The formation of the VA is a dynamic process of progressive anastomosis and development of the cervical segmental arteries6,8). In Padget's stage 3-4 (embryo of 7-14 mm, 32-35 days), the primitive VA begins to develop from longitudinal anastomosis among the cervical segmental arteries, which have a metameric arrangement. The basilar artery is formed by anastomosis of the primitive neural arteries, and its blood supply comes from the posterior communicating arteries. In Padget's stage 5 (embryo of 16-18 mm, 40 days), the origin of the VA shifts toward the ductus arteriosus, close to the origin of the subclavian artery, which appears at this stage. Several VA branches run among the rootlets of the IX, X, and XI cranial nerves. At this stage, the VA begins to control posterior circulation. In Padget's stage 6 (embryo of 20-24 mm, 44 days), the cervical segmental arteries undergo involution to become the radicular arteries. The embryogenesis of several anomalous VA types could be explained with adequate understanding of the described embryogenesis. If the second segmental artery coursing along the C2 nerve root replaced the C1 segmental artery, this occurrence could result in the failure of the longitudinal anastomosis between the C1 and C2 segmental artery; the VA could have an aberrant course which would pass below the posterior arch of C1 without passing through the C1 transverse foramen, as illustrated in the present case. If the C2 segmental artery fails to retrogress, duplication of the VA may occur above and below C1. Furthermore, segmentation of VA embryogenesis and rearrangement of the embryonic sclerotome could explain why an anomalous VA is usually associated with an osseous anomaly, such as occipitalization of the C1, Klippel-Feil syndrome, or absence of the C1 transverse foramen14,15).

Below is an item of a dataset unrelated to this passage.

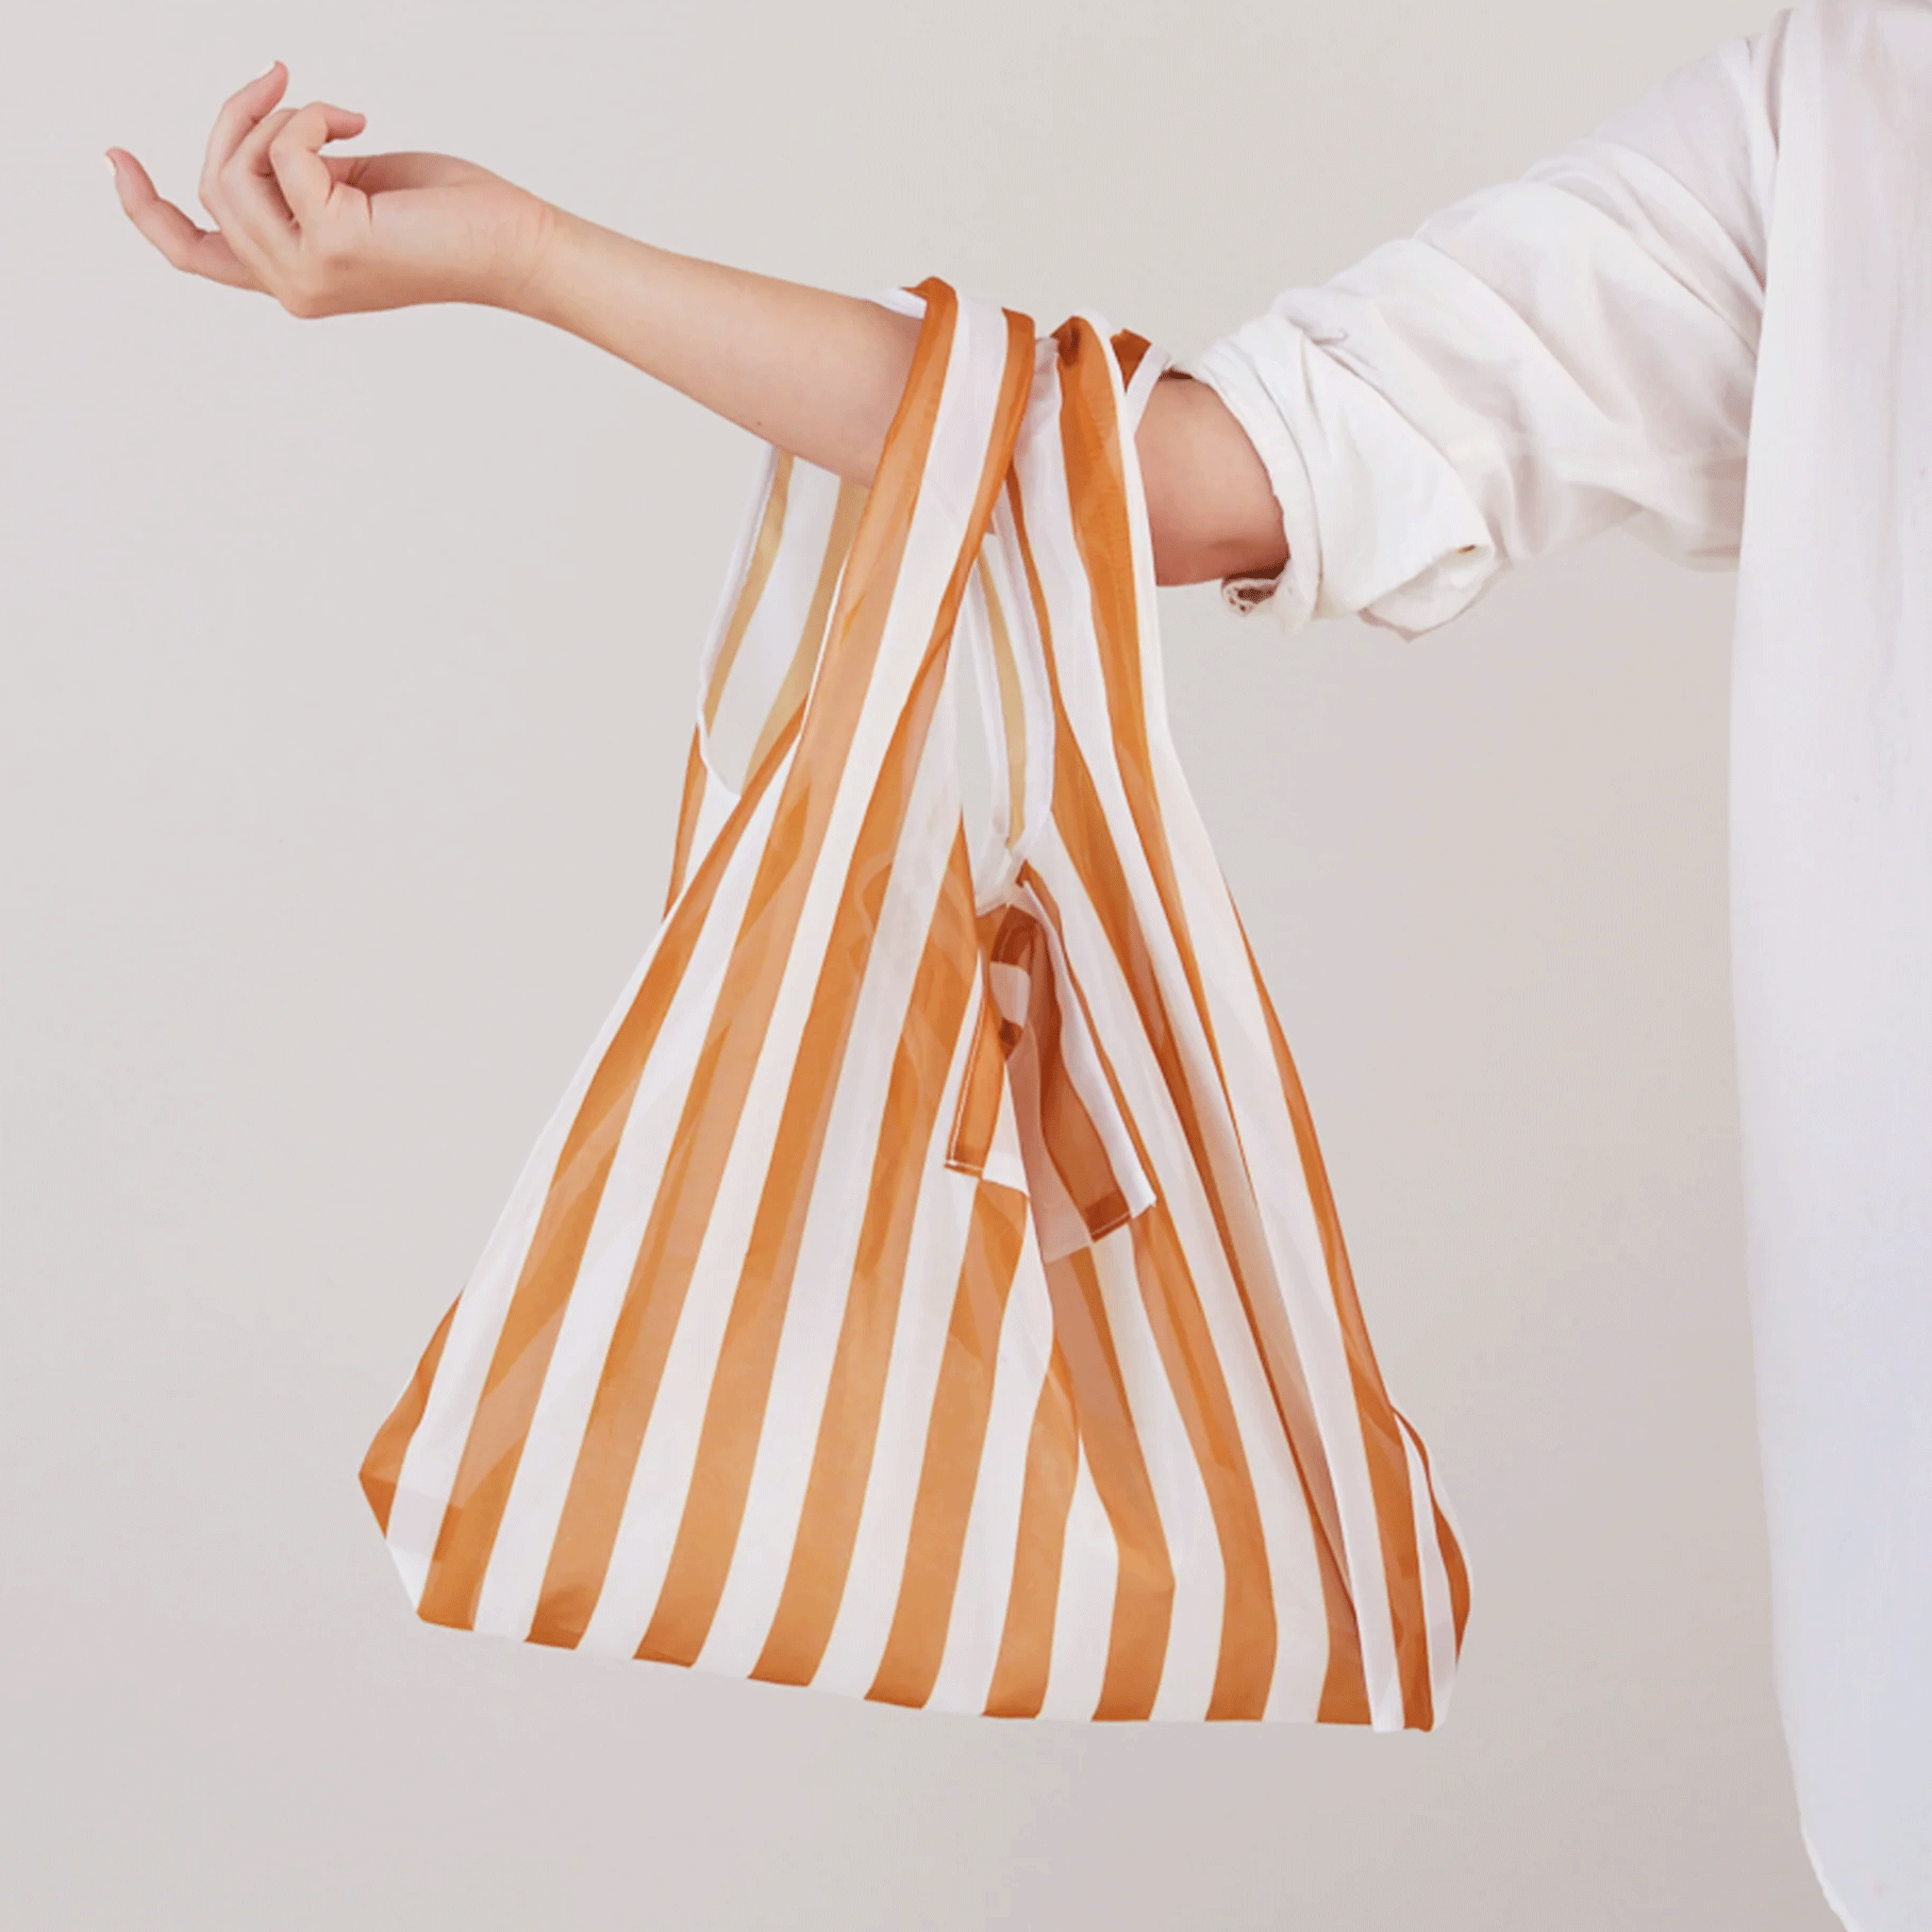 On a white background is a white and orange striped nylon tote. 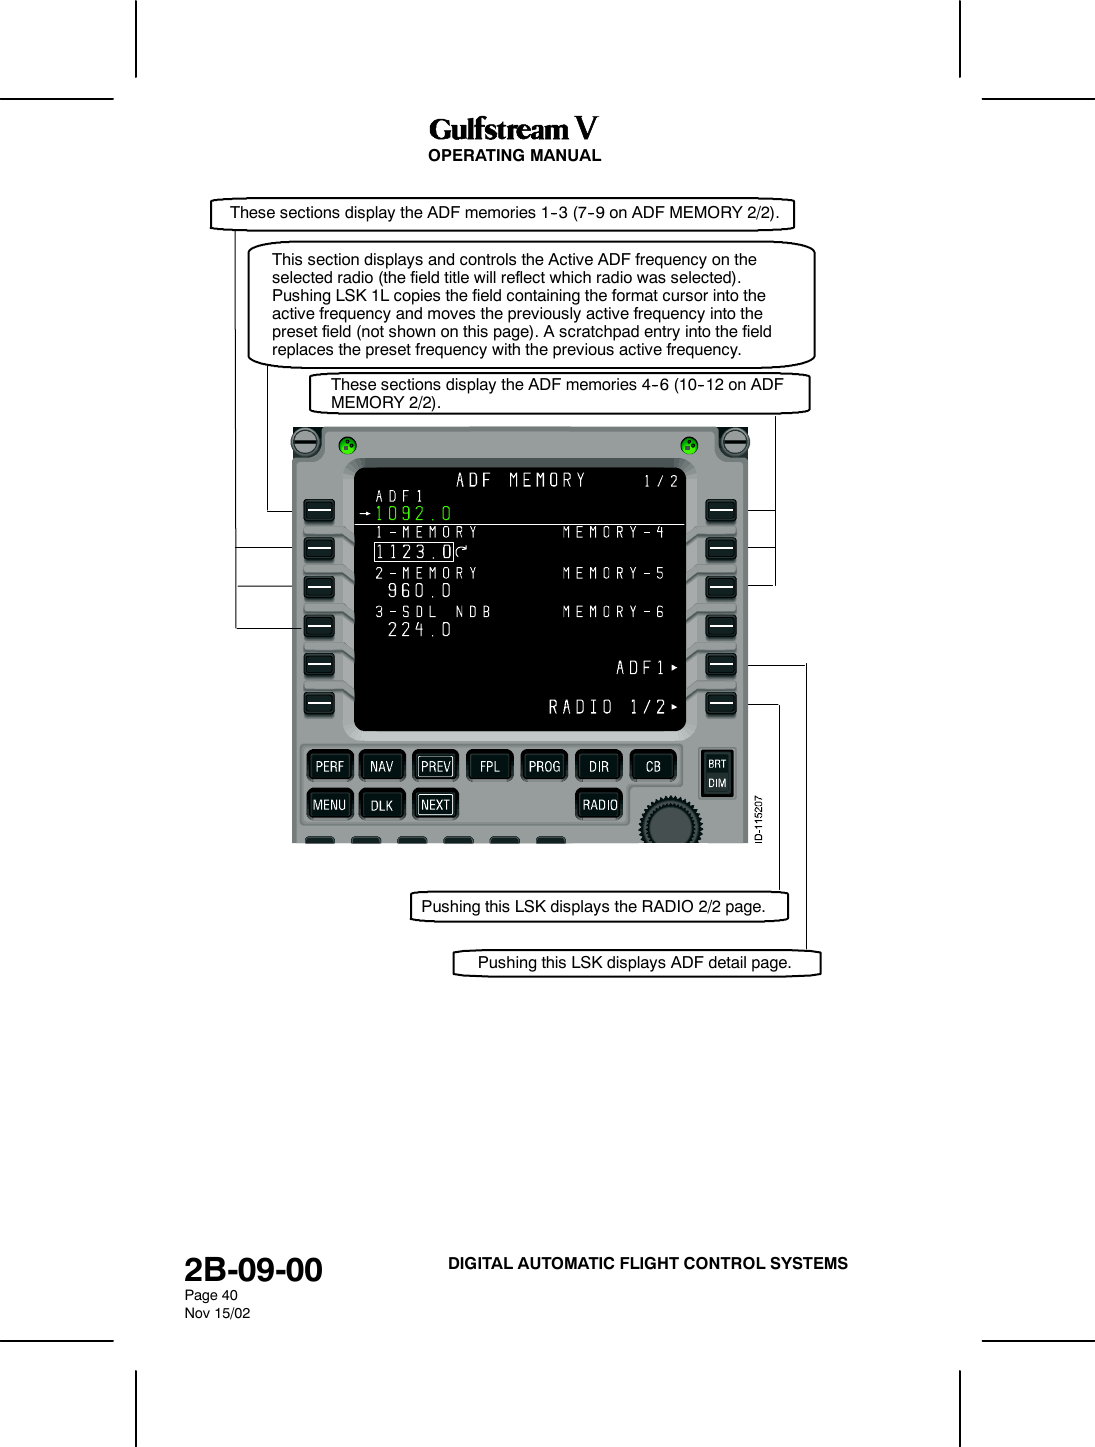 OPERATING MANUAL2B-09-00Page 40Nov 15/02DIGITAL AUTOMATIC FLIGHT CONTROL SYSTEMSThis section displays and controls the Active ADF frequency on theselected radio (the field title will reflect which radio was selected).Pushing LSK 1L copies the field containing the format cursor into theactive frequency and moves the previously active frequency into thepreset field (not shown on this page). A scratchpad entry into the fieldreplaces the preset frequency with the previous active frequency.These sections display the ADF memories 1--3 (7--9 on ADF MEMORY 2/2).These sections display the ADF memories 4--6 (10--12 on ADFMEMORY 2/2).Pushing this LSK displays ADF detail page.Pushing this LSK displays the RADIO 2/2 page.

An aberrant VA coursing below the posterior arch of C1 without passing through the C1 transverse foramen and without osseous anomaly is a very rare condition. Furthermore, there have been no reported cases of posterior atlantoaxial screw-rod fixation in a patient with an aberrant VA course without osseous anomaly, combined with bilateral high-riding VA. There could be other treatment options in upper cervical surgery of VA anomalies such as aberrant VA and high-riding VA in addition to our surgical technique.
In case of aberrant VA, other treatment modalities such as occipitocervical fusion, superior lateral mass screwing, TSF, or fixation with C1 hook could be considered. Translaminar screw fixation also could be another treatment option in case of high-riding VA. However, we believe that taking patient's condition and disease into account is more important in deciding possible surgical options.
Hott et al.3) described that instrumentation-augmented C1 lateral mass screw-C2 pars screw construct is biomechanically similar to the TSF. Payer et al.9) confirmed that posterior atlanto-axial fixation with C1 lateral mass screws and C2 pars screws is a safe and effective surgical option in the treatment of atlanto-axial instability through 12 consecutive cases.
We present a case of successful treatment by posterior atlantoaxial screw-rod fixation of a patient with an aberrant VA course without osseous anomaly combined with bilateral high-riding VA which carries a risk of VA injury. It is important to consider the possibility of an abnormal VA course both preoperatively and intraoperatively in order to avoid grave surgical results in many procedures which require exposure or control of the VA, such as skull base or craniocervical surgery. Therefore, preoperative evaluation of these vascular anomalies of the VA should always be taken into account.